2.3.2. Sodium Tetraphenylboron:m-Chlorophenylpiperazine [mCPP]⁺:[TPB]⁻ Ion Pair

The ion-pair associate was prepared by adding 10 ml aqueous solution of 10⁻² M NaTPB to 10 ml of 10⁻² M mCPP hydrochloride aqueous solution. The resulting ion-pair associated precipitate was filtered, washed thoroughly with distilled water and dried at room temperature then grinded to a fine powder. The predicted composition of the ion associate complex had a molar ratio of [mCPP]⁺:[TPB]⁻ and was confirmed by an elemental analysis that calculated %: C; 78.9, H; 6.6 and N; 5.4 and found %: C; 78.1, H; 6.6 and N; 5.6. The calculated and experimental elemental analysis data for the ion-pair associate complex are in good agreement with its structure.

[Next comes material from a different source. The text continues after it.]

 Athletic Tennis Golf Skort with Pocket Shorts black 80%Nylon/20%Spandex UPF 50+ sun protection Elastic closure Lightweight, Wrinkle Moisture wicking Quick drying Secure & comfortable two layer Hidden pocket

2.4. Membrane and Sensor Preparation

The polymeric membrane was prepared by dissolving 4 mg of the ionophore; a sensing element with the lipophilic salt additive potassium tetrakis(p-chlorophenyl)borate (KTpClPB) as 50 wt% of the ionophore, 124 mg of the plasticizer and 67 mg of PVC in THF 3 mL. The membrane cocktail was poured into a flat Petri dish (28 mm i.d). Gradual evaporation of the THF at ambient temperature afforded an elastic, transparent membrane with a thickness of about 0.1 mm. A dummy membrane refers to the same membrane cocktail described above, however, omitting the presence of a sensing element. Disks (~4 mm o.d.) were punched from the master membrane and glued with a PVC/THF slurry to plasticized PVC tubing fixed onto a 1000 mL pipette tip. The tube was then filled with equal volumes of 1.0 × 10⁻² M mCPP hydrochloride and 1.0 × 10⁻² M KCl (internal solution) and an Ag/AgCl wire (~1 mm diameter) was immersed in this solution as an internal reference electrode. Before calibration, all fresh sensors were conditioning by soaking in a 1.0 × 10⁻² M mCPP hydrochloride solution for 2 h to activate the sensing element in the membrane before use. During the intervals between the individual measurements the sensors kept dry after rinsing with distilled water.

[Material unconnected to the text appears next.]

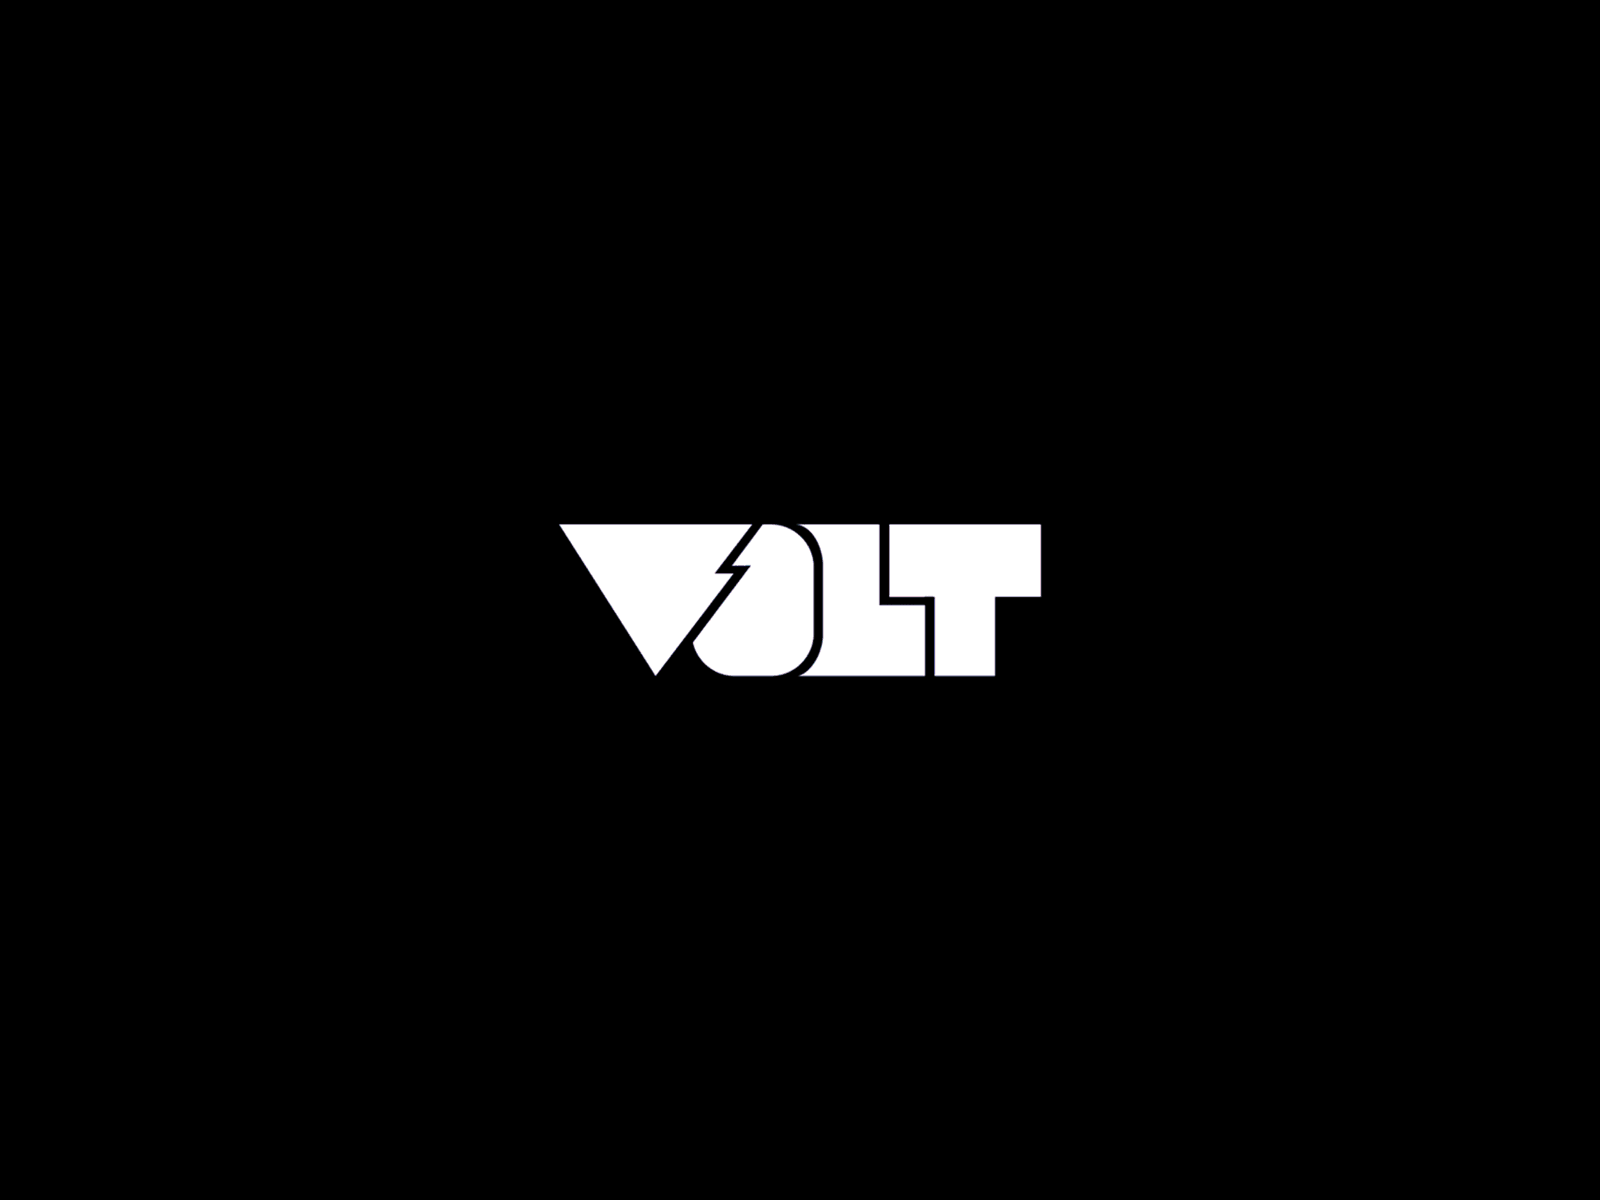 VOLT by Loyall on Dribbble

2.5. EMF Measurement and Sensors Calibration

[Na(15-crown-5)][BPh₄]; CE•NaTPB, [Na(15-crown-5)][BPh₄]/KTpClPB; CE•NaTPB/ KTpClPB, [mCPP]⁺:[TPB]⁻ and β-CycD/KTpClPB membrane based sensors were calibrated by immersion with an Ag/AgCl double junction reference electrode into a 50 mL beaker containing 9 mL of 5.0 × 10⁻² M Tris-HCl buffer solutions at pH 7.0 portions (0.2–1.0 mL) of 1.0 × 10⁻⁶–5.0 × 10⁻² M of standard mCPP hydrochloride solutions were successively spiked and the potential response of the constant stirred solutions was measured after stabilization to ±0.2 mV. A calibration plot was constructed by plotting the EMF readings against the logarithm of mCPP concentrations.

3. Results and Discussion

3.1. Performance Characteristics of m-Chlorophenylpiperazine Sensors

3.1.1. Membrane Response and Sensitivity of the Sensors

Indded, simulation of natural phenomenon through molecular recognition; a process that plays a crucial role in the nature for the occurrence of life through prevailing reversible non-covalent interactions with high specificity and affinity seem to provide a sound basis for the design of ion selective sensors. Concurrently, the fascination of the self-assembly of small synthetic molecular building blocks through various non-covalent interactions has been applied to generate functional sophisticated supramolecular architectures with properties that cannot be deduced by a simple summation of the properties of the individual components. Moreover, they are capable again to engage targets through numerous and spatially distributed multiple binding interaction sites arising from the architecture as a whole providing high efficiency and selectivity [30,31]. Accordingly, the molecular recognition event is becoming also a fundamental process for efficient electrochemical sensors that may be implemented by the formation of a sensing element with the ability of multiple binding sites to assess binding strength of high affinity in a selective and a fast reversible manner followed by a transduction mechanism into a measurable signal for the attainment of highly selective sensors [32].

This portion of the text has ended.